__Instructions to follow__. Ignore the pictures in the data below and set down exactly the lines from its first line through the line containing "A chart depicting".

Dataset items:
● ● ● ●
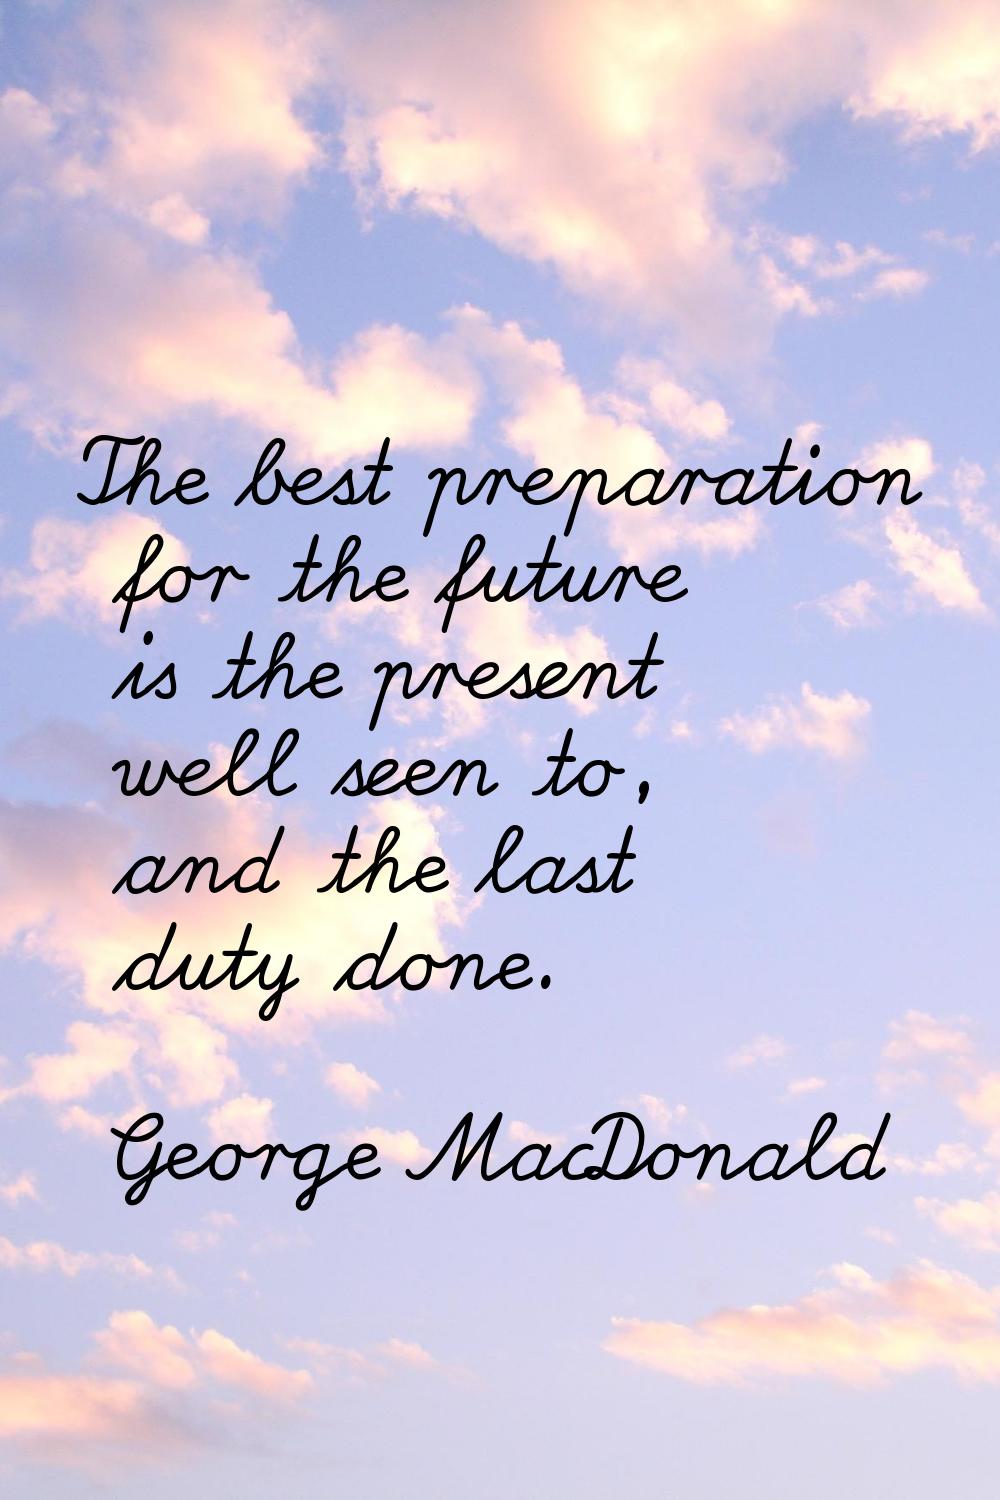 The best preparation for the future is the present well seen to, and the last duty done.
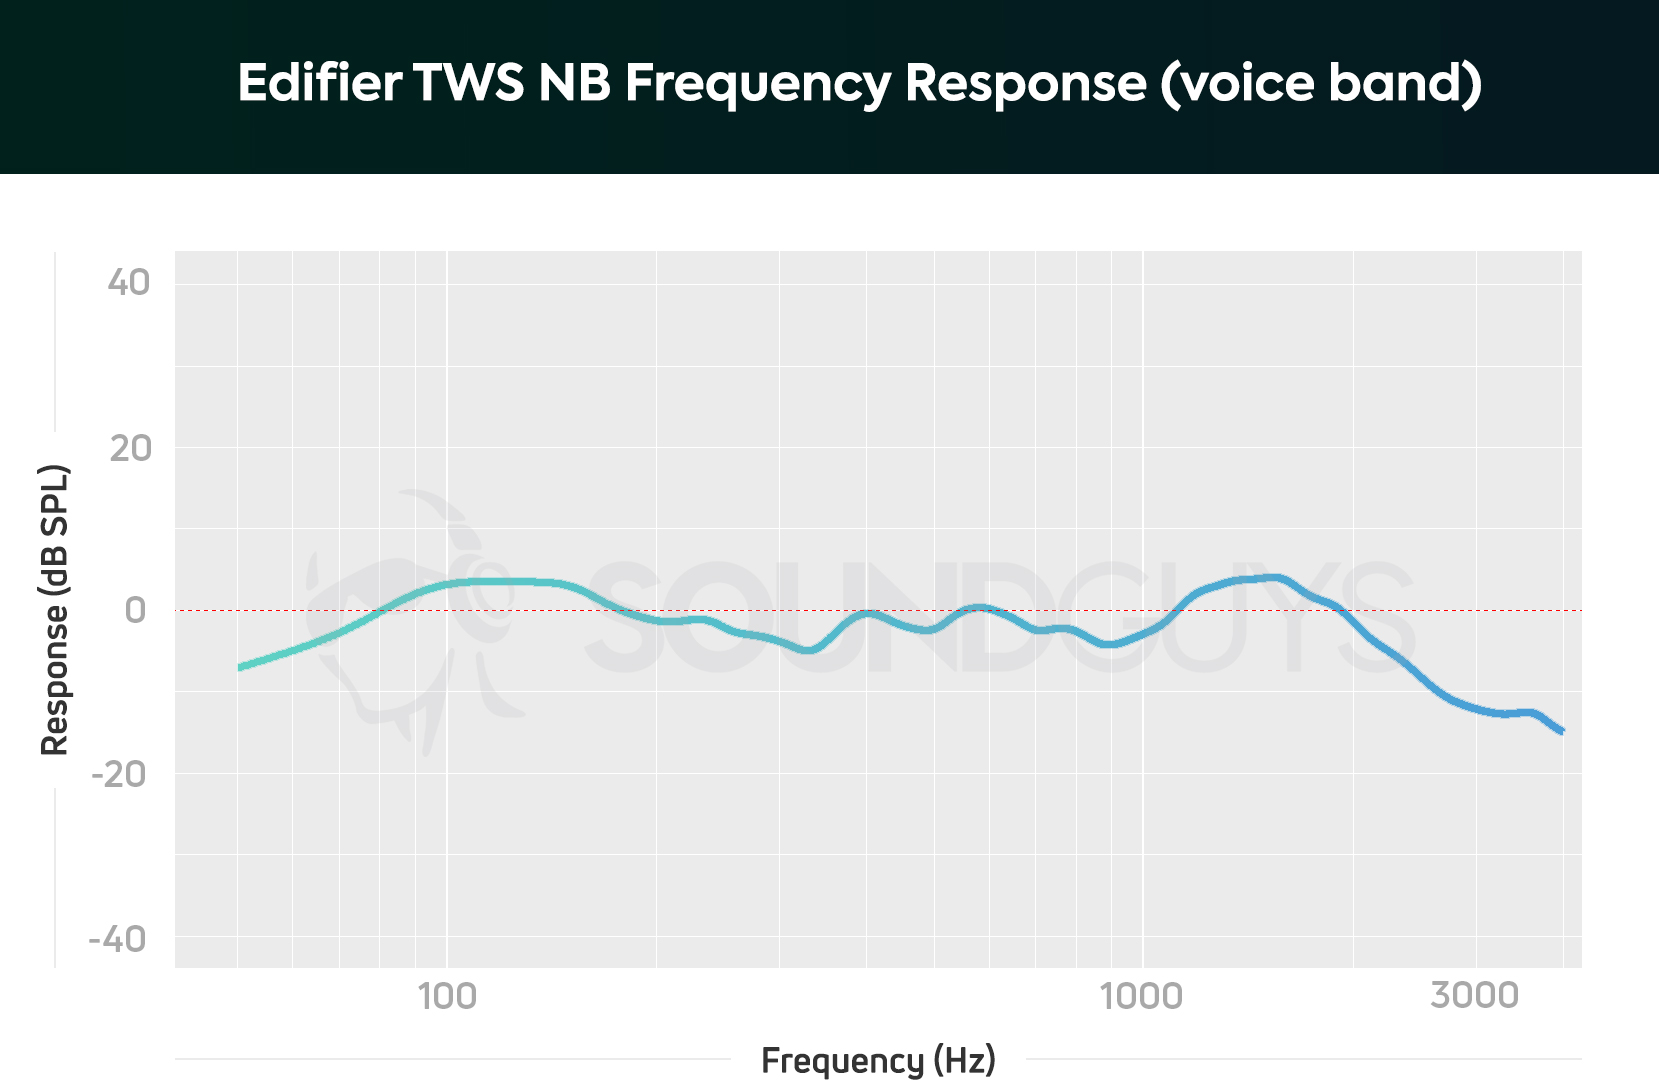 A chart depicting the Edifier TWS NB noise canceling true wireless earbuds' frequency response, which is even across the human voice band.
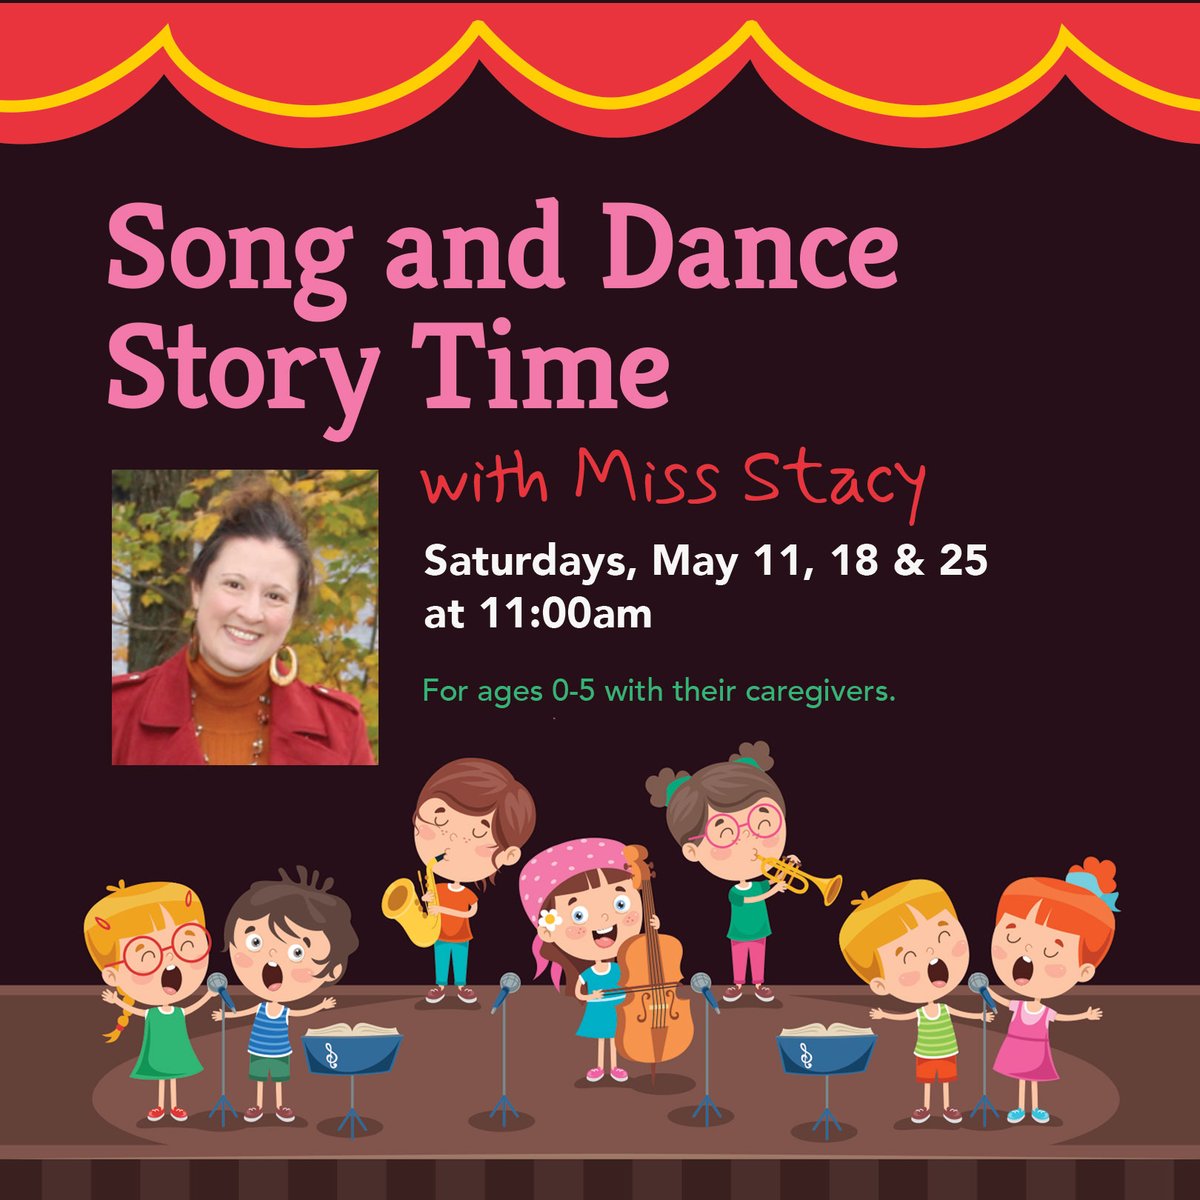 Join Miss Stacy as she brings a book to life through song and dance. The adventure will begin with a story and then we will explore it further with fun and active musical activities.

Visit our website to register.

#song #dance #reading #childrensprogram #hhﬂ #librariesrock
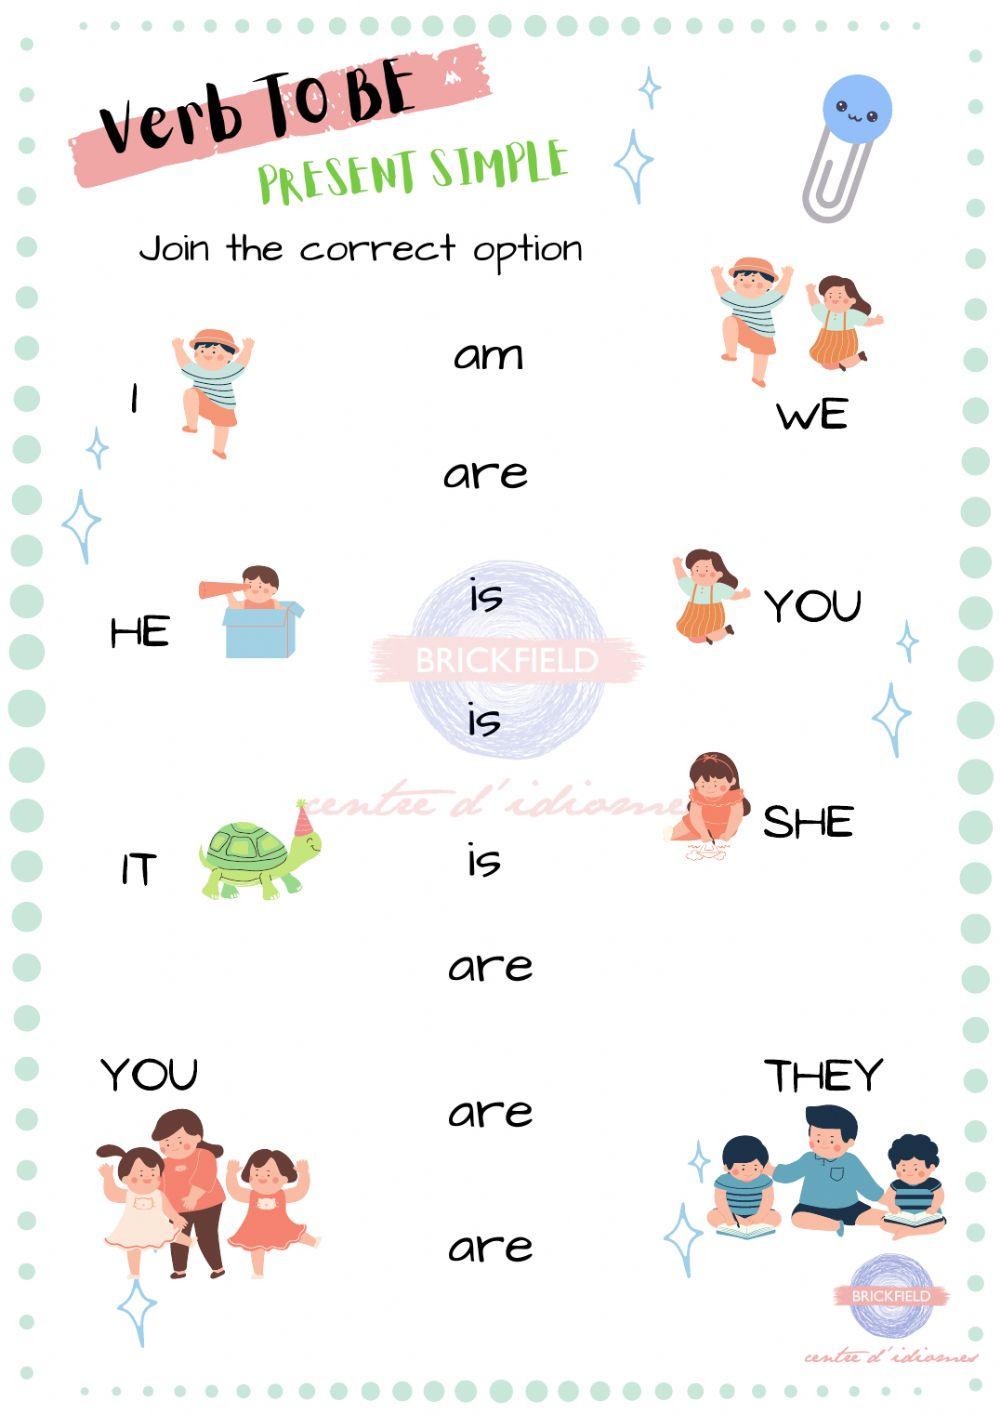 Verb TO BE. Join the correct option
● ● ● ●
__Result below__.
 The best preparation for the future is the present well seen to, and the last duty done.
 A chart depicting the Edifier TWS NB noise canceling true wireless earbuds' frequency response, which is even across the human voice band.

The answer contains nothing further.